1

Il revisore dell’ente locale è revocabile solo per inadempienza

Ai sensi dell’art. 235 del TUEL (Decreto Legislativo n. 267/2000), l’inadempienza quale presupposto della revoca è integrata dal mancato adempimento ai compiti a cui l’organo di revisione è istituzionalmente preposto ai sensi dell’art. 239 e solo un’oggettiva e grave violazione dei compiti sopra indicati può giustificare il provvedimento di revoca, a garanzia dell’imparzialità e dell’indipendenza dell’organo di controllo che non è suscettibile di essere revocato ad nutum per contrasto con le scelte dell’amministrazione controllata: è quanto affermato dal Consiglio di Stato, sez. VI, nella sent. 23 maggio 2024, n. 4619.

Tra le inadempienze rilevanti, il legislatore ha tipizzato la mancata presentazione della relazione alla proposta di deliberazione consiliare del rendiconto entro il termine previsto dall’art. 239, comma 1, lettera d), che rappresenta l’unica fattispecie di revoca obbligatoria, in ragione della particolare gravità della violazione (Consiglio di Stato, sez.

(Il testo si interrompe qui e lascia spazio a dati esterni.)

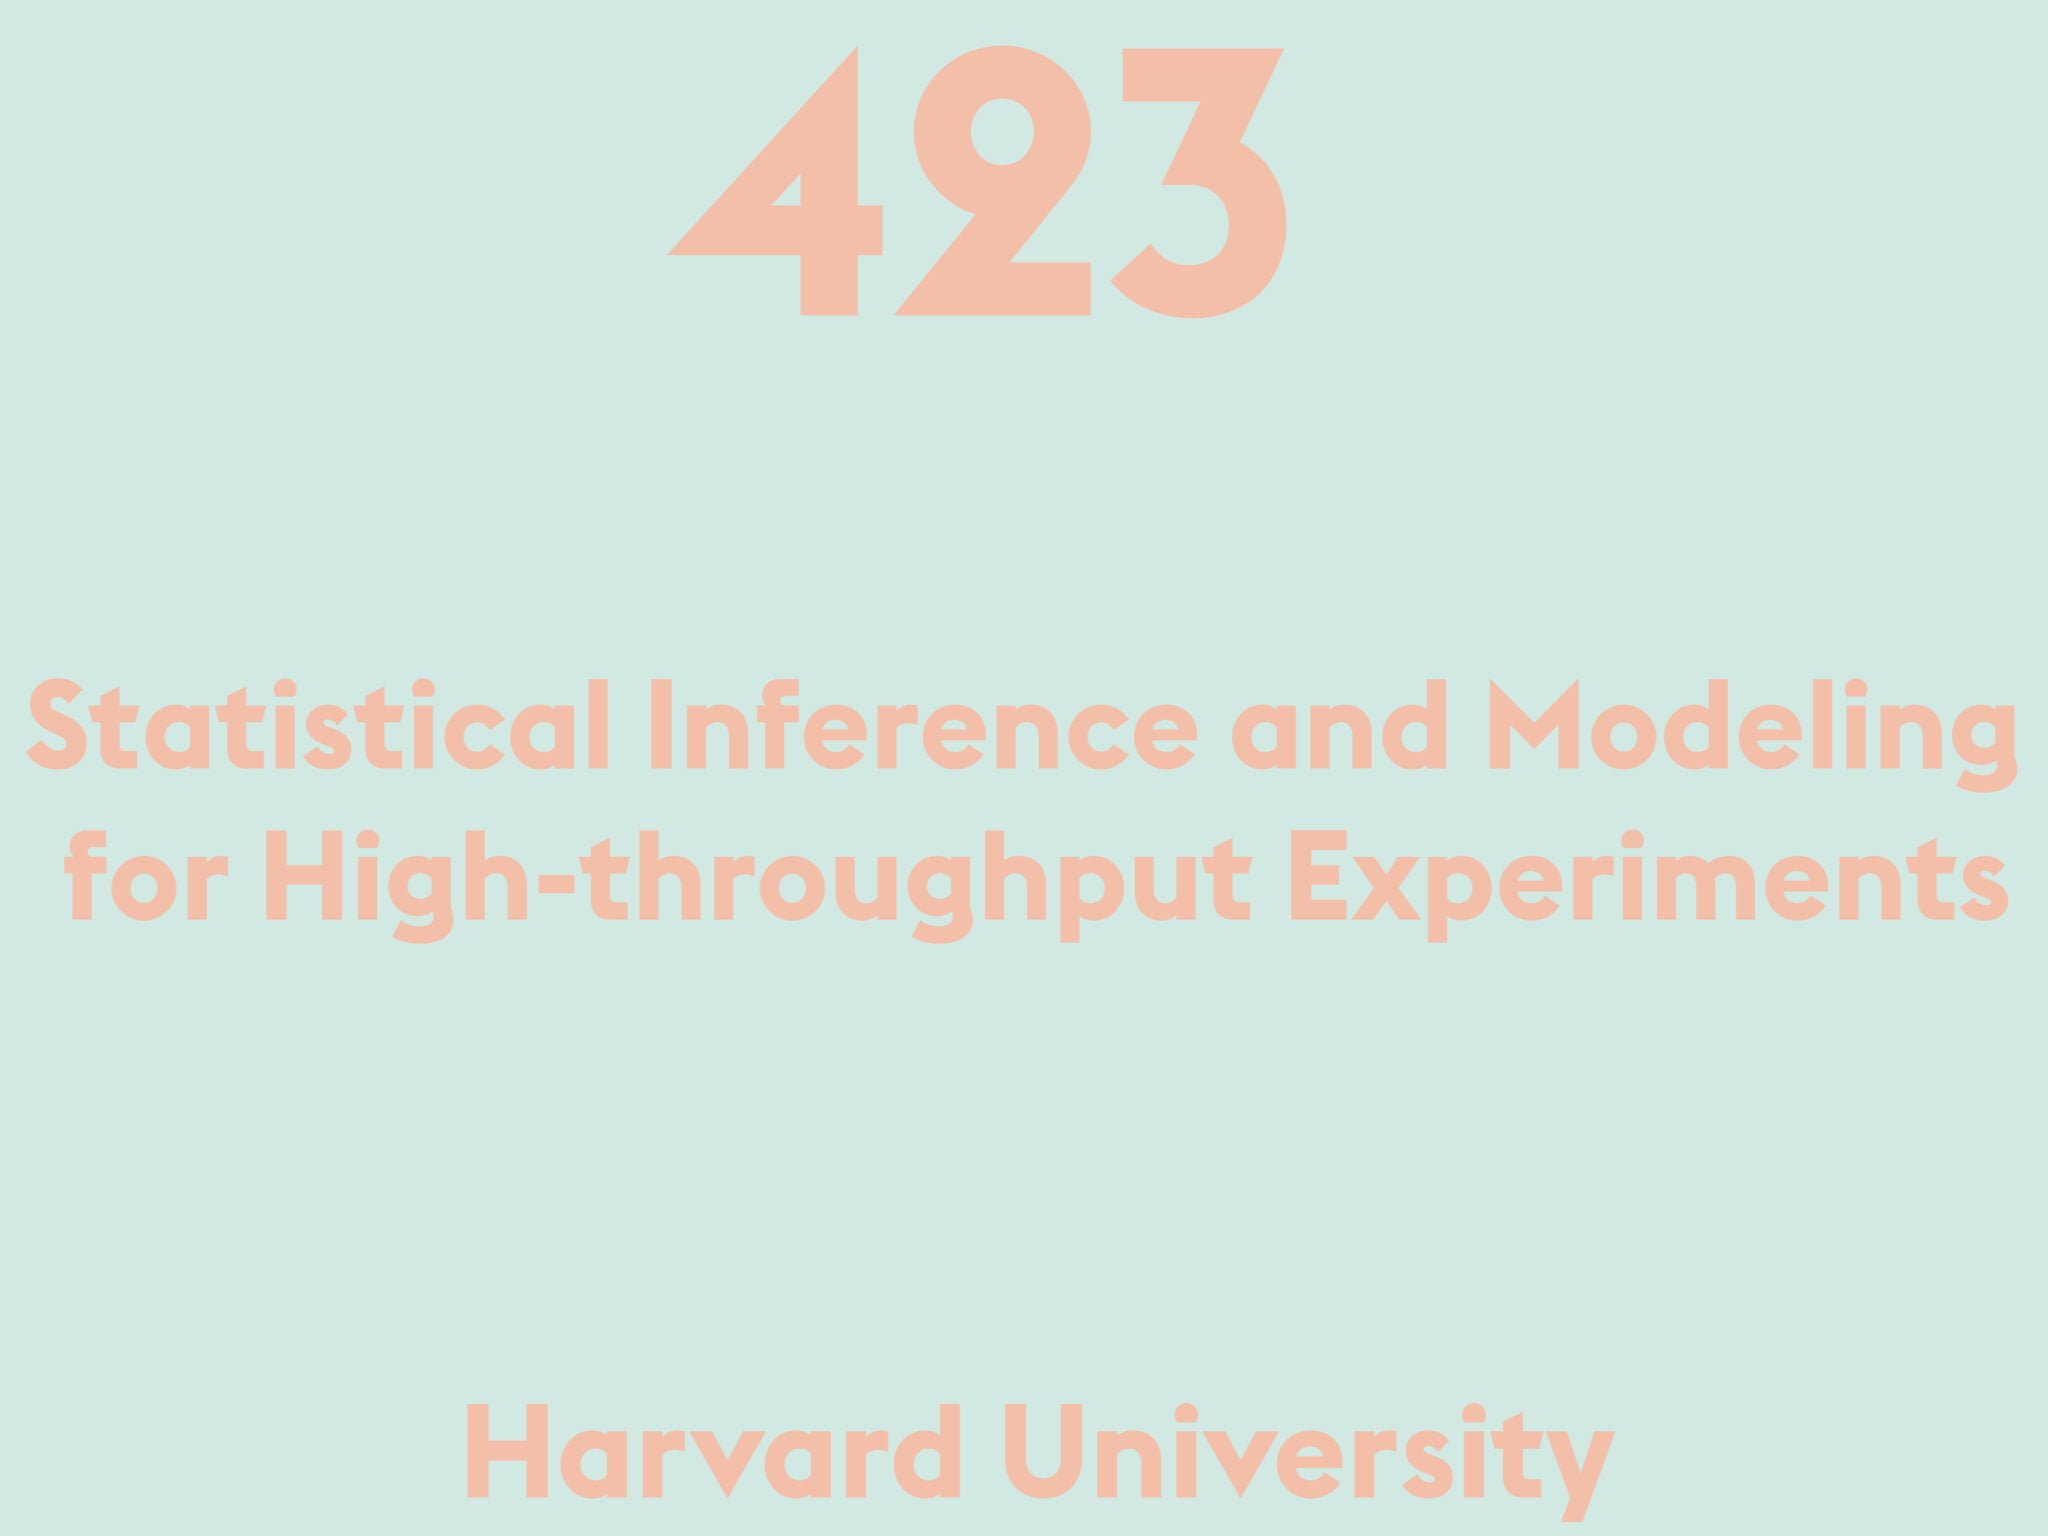 Statistical Inference and Modeling for High-throughput Experiments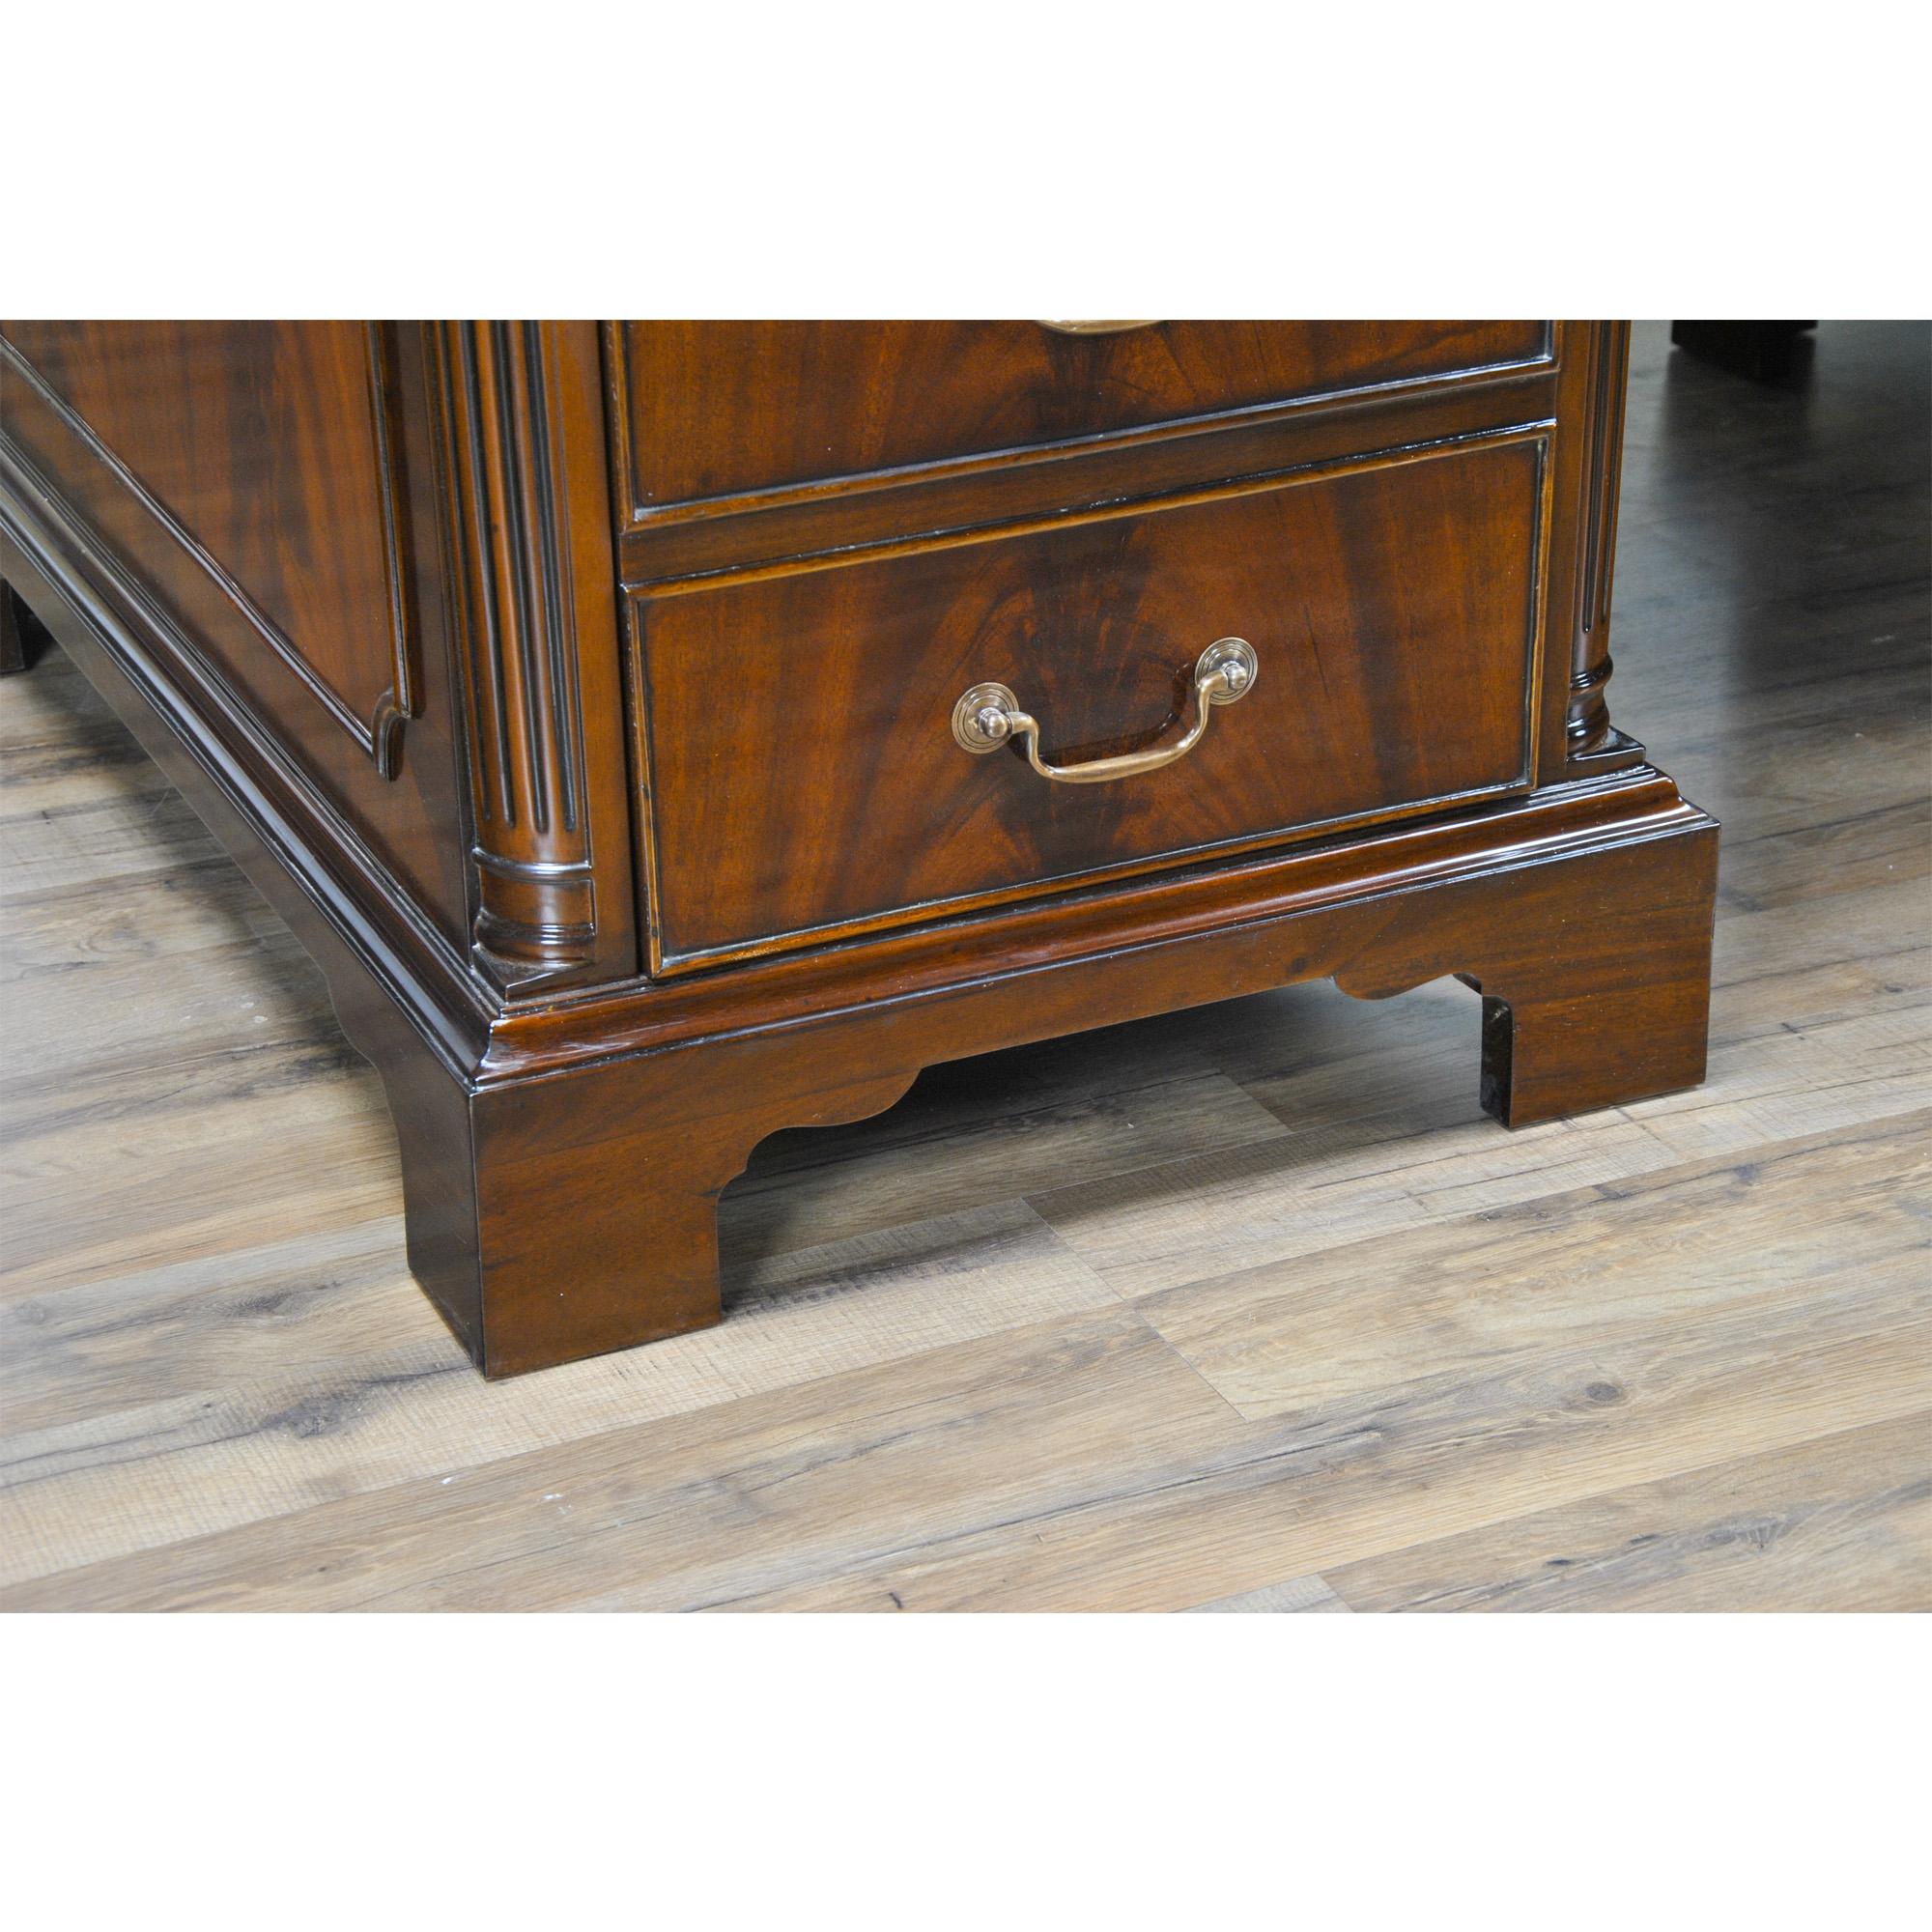 Mahogany Executive Desk In New Condition For Sale In Annville, PA

V, sent. 21 marzo 2024, n. 2783).

Non può fondare, invece, un’autonoma fattispecie di revoca la violazione dei doveri di diligenza qualificata che il revisore è tenuto ad osservare ai sensi dell’art. 240, poiché essi costituiscono un mero parametro di valutazione della corretta esecuzione dell’incarico e, quindi, anche della gravità dell’inadempienza (ove diversa da quella tipizzata dall’art. 235, già valutata grave dal legislatore) che giustifica la revoca.

In altri termini, la revoca deve sempre fondarsi sull’inadempienza ai compiti demandati ai revisori dall’art. 239, la cui gravità deve essere accertata e motivata con riguardo al quantum di scostamento dal parametro della diligenza esigibile ai sensi dell’art. 240.

I giudici di Palazzo Spada hanno anche evidenziato che la norma del regolamento comunale che prevede la revoca dell’organo di revisione nei casi di insanabile contrasto con l’Ente non può che essere interpretata in conformità con la disciplina primaria sopra richiamata, nel senso che l’insanabile contrasto che giustifica la revoca è solo quello generato dall’inadempienza grave ai compiti del controllore e non quello determinato dalla mera conflittualità con gli organi controllati.  Una diversa lettura renderebbe radicalmente illegittima la disposizione regolamentare in quanto volta ad introdurre una revoca ad nutum, incompatibile con le previsioni del Tuel e con la natura e la funzione dell’organo di revisione.

Come chiarito dalla giurisprudenza, è principio immanente nell’ordinamento giuridico italiano quello secondo cui l’indipendenza dei revisori dei conti si esprime nell’integrità e nell’obiettività, la prima garantita dall’alta qualificazione dei soggetti chiamati, la seconda dalla più assoluta imparzialità dell’azione del revisore medesimo. Tale principio è ribadito dall’art. 38 della Direttiva 2006/43/CEDir. 17/05/2006, n. 2006/43/CE del Parlamento europeo e del Consiglio del 17 maggio 2006, secondo cui gli Stati membri devono assicurare che la revoca e le dimissioni dei revisori legali o delle imprese di revisione contabile possa avvenire solo per giusta causa e non per divergenze di opinione in merito ai contenuti delle determinazioni da prendere (Consiglio di Stato, sez. V, sent. 15 febbraio 2017, n. 677).

Nel caso di specie, il Consiglio di Stato ha ritenuto che nessuna delle censure formulate dal Comune a fondamento della revoca del revisore individuasse un’inadempienza agli obblighi di cui all’art. 239 TUEL:

  • la redazione di pareri frequentemente negativi e la formulazione di rilievi su gravi irregolarità di gestione, visto che la collaborazione con l’organo consiliare, ai sensi dell’art. 239, comma 1, lett. a), del TUEL “si esplica, in concreto, attraverso pareri, rilievi, osservazioni e proposte finalizzate a conseguire una migliore efficienza, produttività ed economicità della gestione” (Corte conti sez. reg. di contr. Liguria, delib. n. 4/PAR/2014);
  • il mancato rispetto degli orari di ufficio per l’esecuzione degli accessi presso l’ente locale, considerato che trattasi di profilo riguardante la dimensione esecutiva delle funzioni di controllo e vigilanza;
  • la situazione di conflittualità, anche grave, tra revisore ed ente locale, trattandosi di profili sottratti al giudicato amministrativo.